• DATA TO EXAMINE:
**********
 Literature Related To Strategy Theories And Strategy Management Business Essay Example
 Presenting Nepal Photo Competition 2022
**********
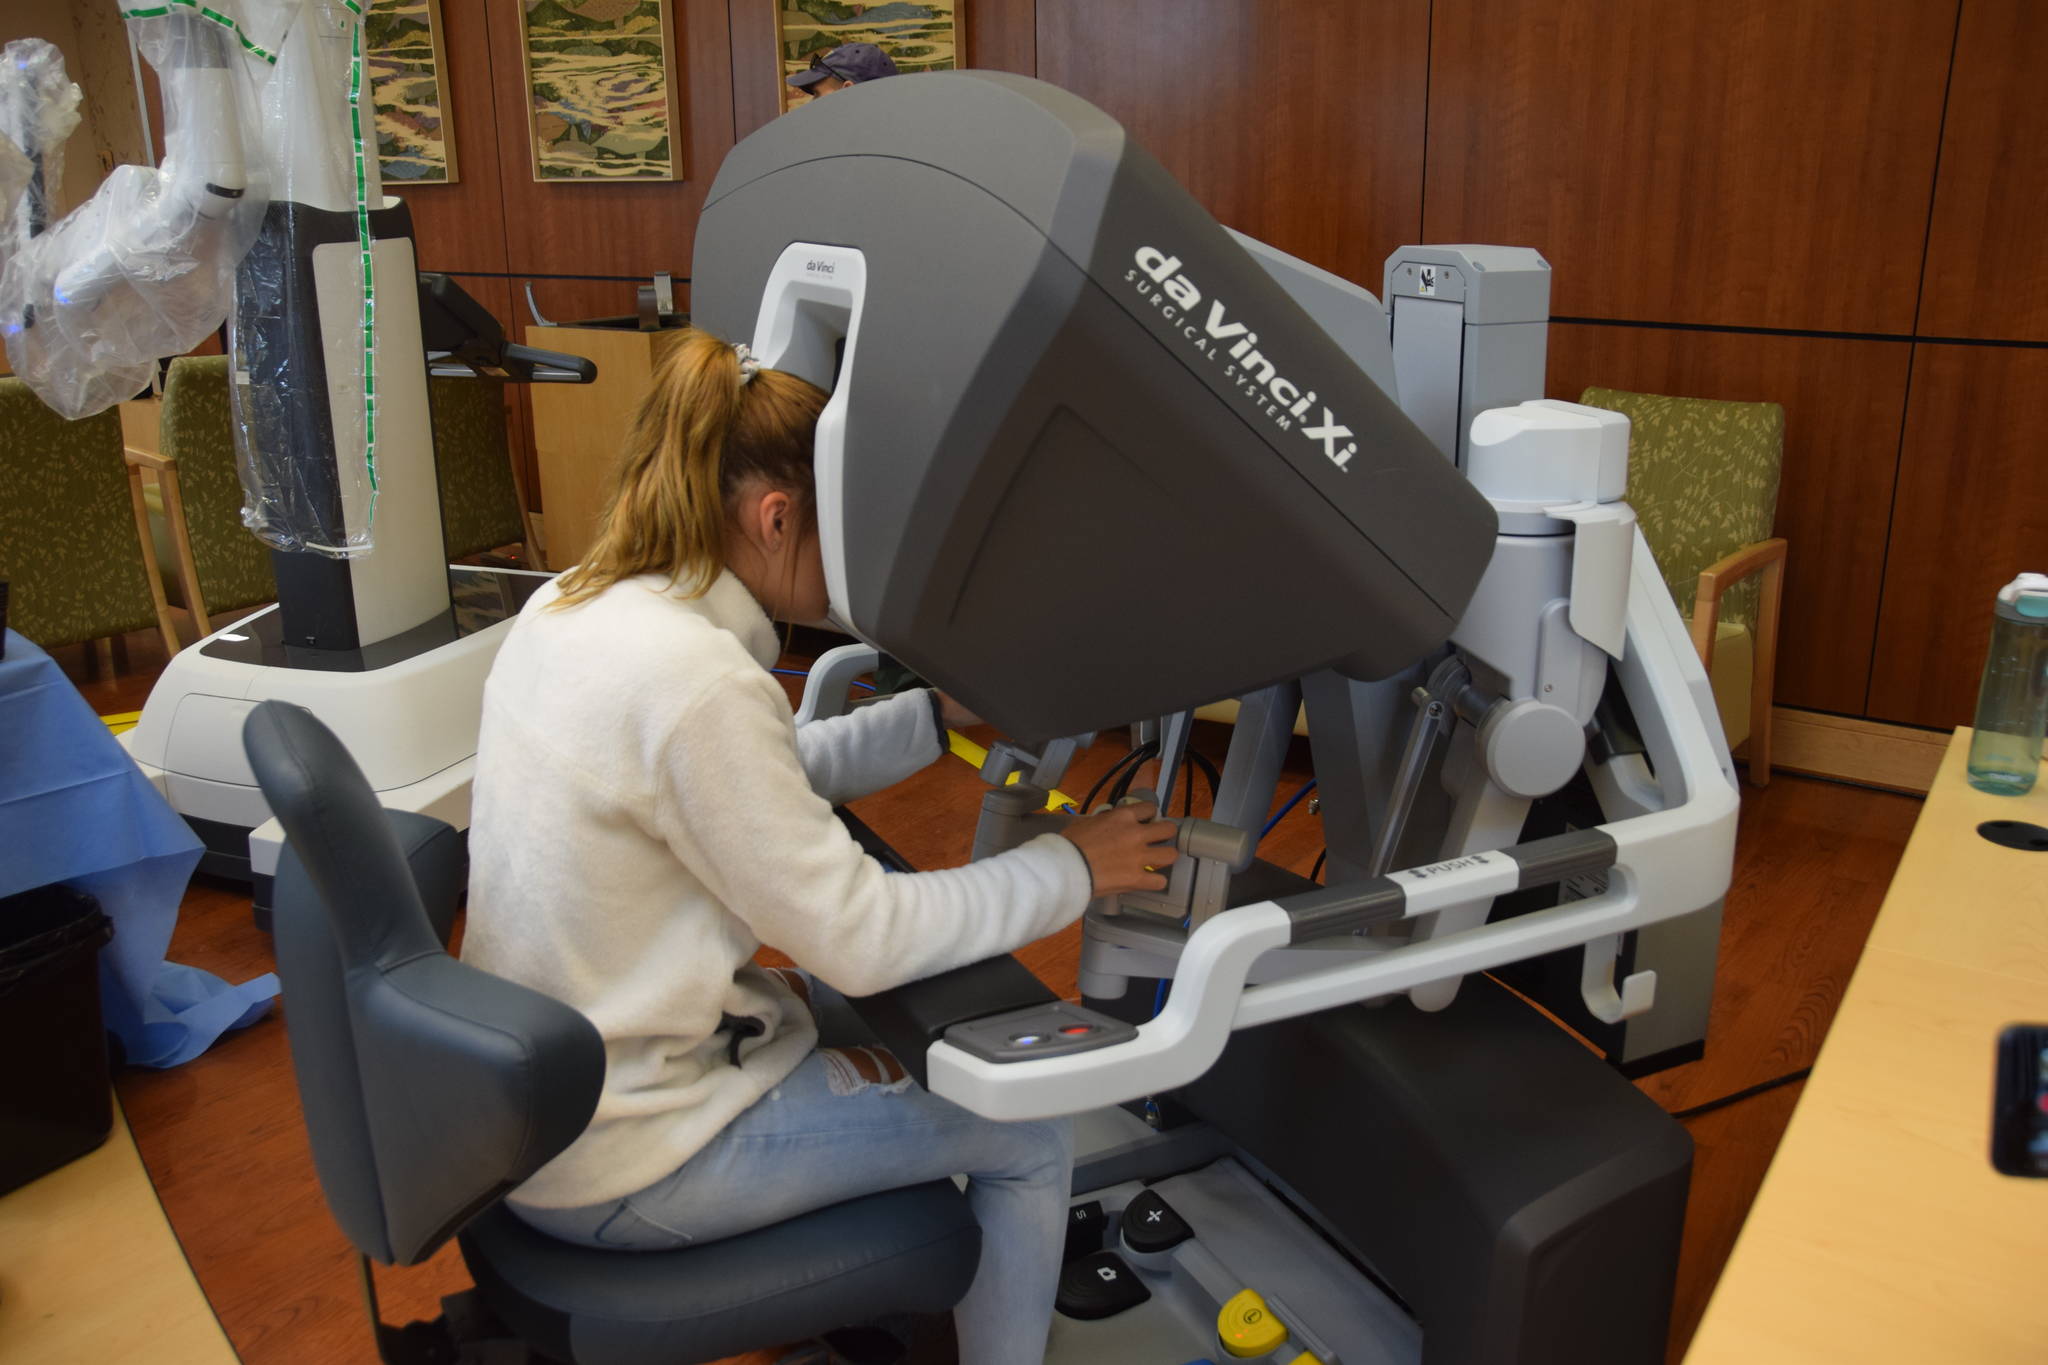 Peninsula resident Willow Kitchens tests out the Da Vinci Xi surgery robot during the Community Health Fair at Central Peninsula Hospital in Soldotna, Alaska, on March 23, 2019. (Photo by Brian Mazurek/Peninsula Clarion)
**********
• THE TASK:
Find the line with "Literature Related To" in the entries above. Retype it and each line after it, exactly, through the line with "Presenting Nepal Photo Competition 2022", and stop there.

• REPLY:
 Literature Related To Strategy Theories And Strategy Management Business Essay Example
 Presenting Nepal Photo Competition 2022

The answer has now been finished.